To find all documents in which dog is near cat within the section Headings, write your query as follows:
'dog near cat within Headings'
The WITHIN operator has the following limitations:
Score changing operators behave like logical operators in that they return documents given the terms you specify. However, these operators affect document scores differently and, as such, can be used to change a document's rank in a hitlist with respect to a query term. The following table describes these operators:
Use the accumulate operator to search for documents that contain at least one occurrence of any of the query terms, where the documents that contain the most frequent occurrences of the query terms are given the highest score.
For example, to search for documents that contain either term Brazil or soccer and to have the highest scores attached to the documents that contain the most occurrences of these words, you can issue:
'soccer,Brazil'
Accumulate is similar to OR, in the sense that a document satisfies the query expression if any of the terms occur in the document; however, the scoring is different. OR returns a score based only on the query term that occurs most frequently in a document. Accumulate combines the scores for all the query terms that occur in a document, topping out at 100 when the sum exceeds 100. Thus documents that contain the most query terms are ranked the highest.
Use the MINUS operator to search for documents that contain a query term, and when you want the presence of a second query term to cause the document to be ranked lower.
The minus operator is useful for lowering the score of documents that contain "noise". For example, suppose a query on the term cars always returned high scoring documents about Ford cars.

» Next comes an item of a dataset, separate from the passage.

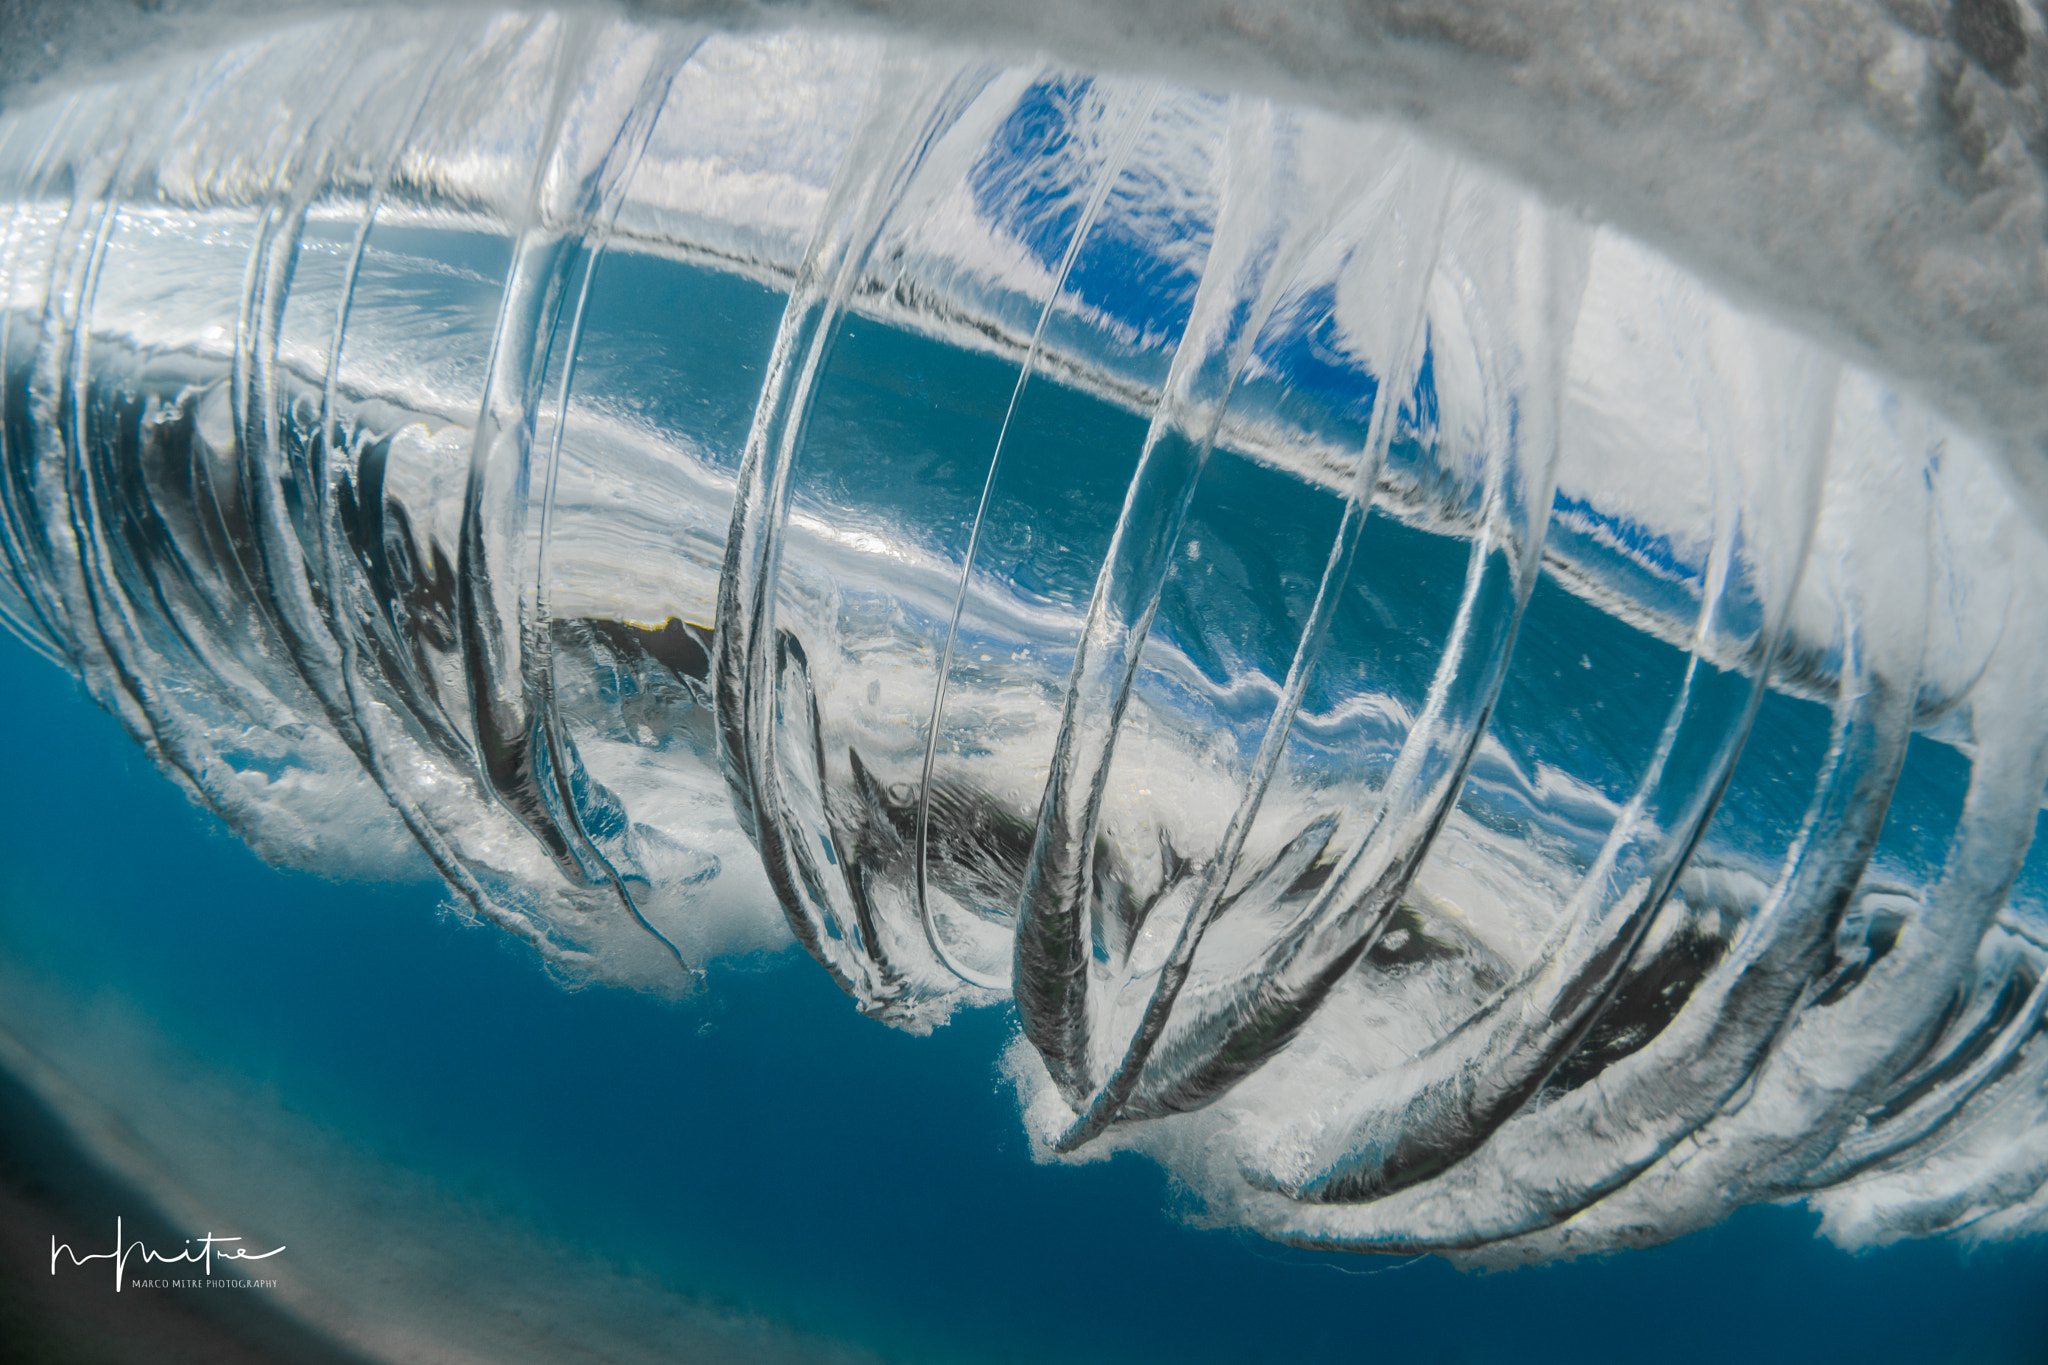 Nikon D500 + Nikon AF DX Fisheye-Nikkor 10.5mm F2.8G ED sample photo. Some underwater photography vortexes created by the rolling waves photography

You can lower the scoring of the Ford documents by using the expression:
'cars - Ford'
In essence, this expression returns the documents that contain the term cars. However, the score returned for a document is the number of occurrences of cars minus the number of occurrences of Ford. When a returned document does not contain Ford, the occurrence of the term Ford is counted as zero.
Words or phrases that occur close together are considered to be more closely associated than those that are farther apart. The near operator calculates a score based on how close words are to each other rather than on how often the word or phrase appears in the document.
The score for a document is the highest score out of all the query terms that occur in proximity to each other. A score of 100 is returned when the query terms are adjacent. When the terms are not adjacent, ConText returns a score based on the following formula:
score = 100 - (number of words between the two query terms)
When there are more than 100 words separating the terms, ConText scores the document as 1.
For example, if the query expression is ice;cream, the phrase I love ice cream would score 100, while the phrase ice is colder than cream would score 97. If both phrases occurred in a document, ConText retrieves the document and scores it as 100.
You can use the near operator with more than two search terms. For example, you can issue a query such as:
fish;whales;sea
This query asks for all documents that have the three terms fish, whales, and sea close to one another. The score is calculated by the following formula:
score = 100 - size of the smallest block containing all query terms + number of query terms
Thus if a document contained the phrase: Fish, lobsters and whales live in the sea, and this phrase was the smallest block containing all three terms, the document scores (100 - 8 + 3) = 95.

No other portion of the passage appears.